Discretize all the columns in a dataframe pyton

Discretize all the columns in a dataframe pyton - python

I have a dataframe where all the columns are continous variables, and I want to discretize them in binnings based on frequency (so the binnings have the same size).
In order to do this I just apply the pd.cut function and iterate through the columns, however I'm getting the following errors:
A value is trying to be set on a copy of a slice from a DataFrame.
Try using .loc[row_indexer,col_indexer] = value instead
See the caveats in the documentation: https://pandas.pydata.org/pandas-docs/stable/user_guide/indexing.html#returning-a-view-versus-a-copy
df_q[column] = pd.qcut(df_q[column], 3)
<ipython-input-46-87e2efb9d039>:3: SettingWithCopyWarning:
A value is trying to be set on a copy of a slice from a DataFrame.
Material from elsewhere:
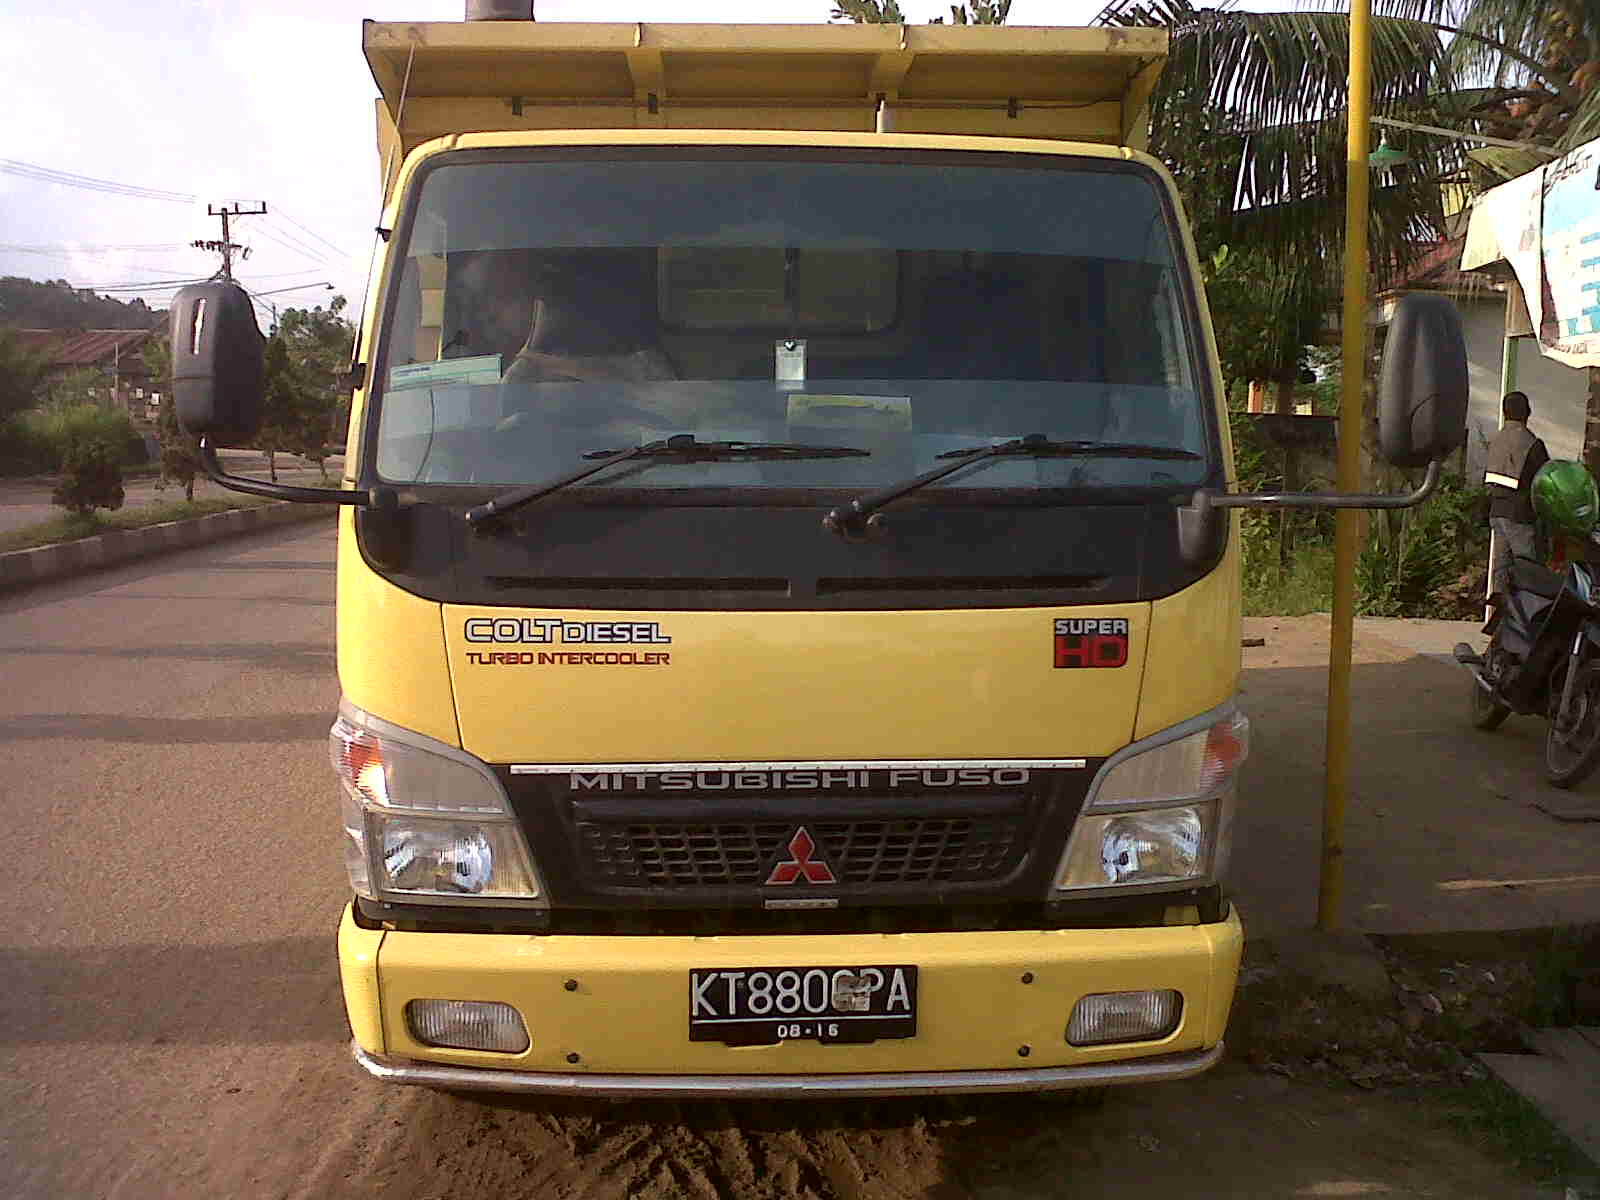 IKLAN BISNIS SAMARINDA Dijual Dump Truck Mitsubishi PS 125HD

Try using .loc[row_indexer,col_indexer] = value instead
See the caveats in the documentation: https://pandas.pydata.org/pandas-docs/stable/user_guide/indexing.html#returning-a-view-versus-a-copy
df_q[column] = pd.qcut(df_q[column], 3)
<ipython-input-46-87e2efb9d039>:3: SettingWithCopyWarning:
A value is trying to be set on a copy of a slice from a DataFrame.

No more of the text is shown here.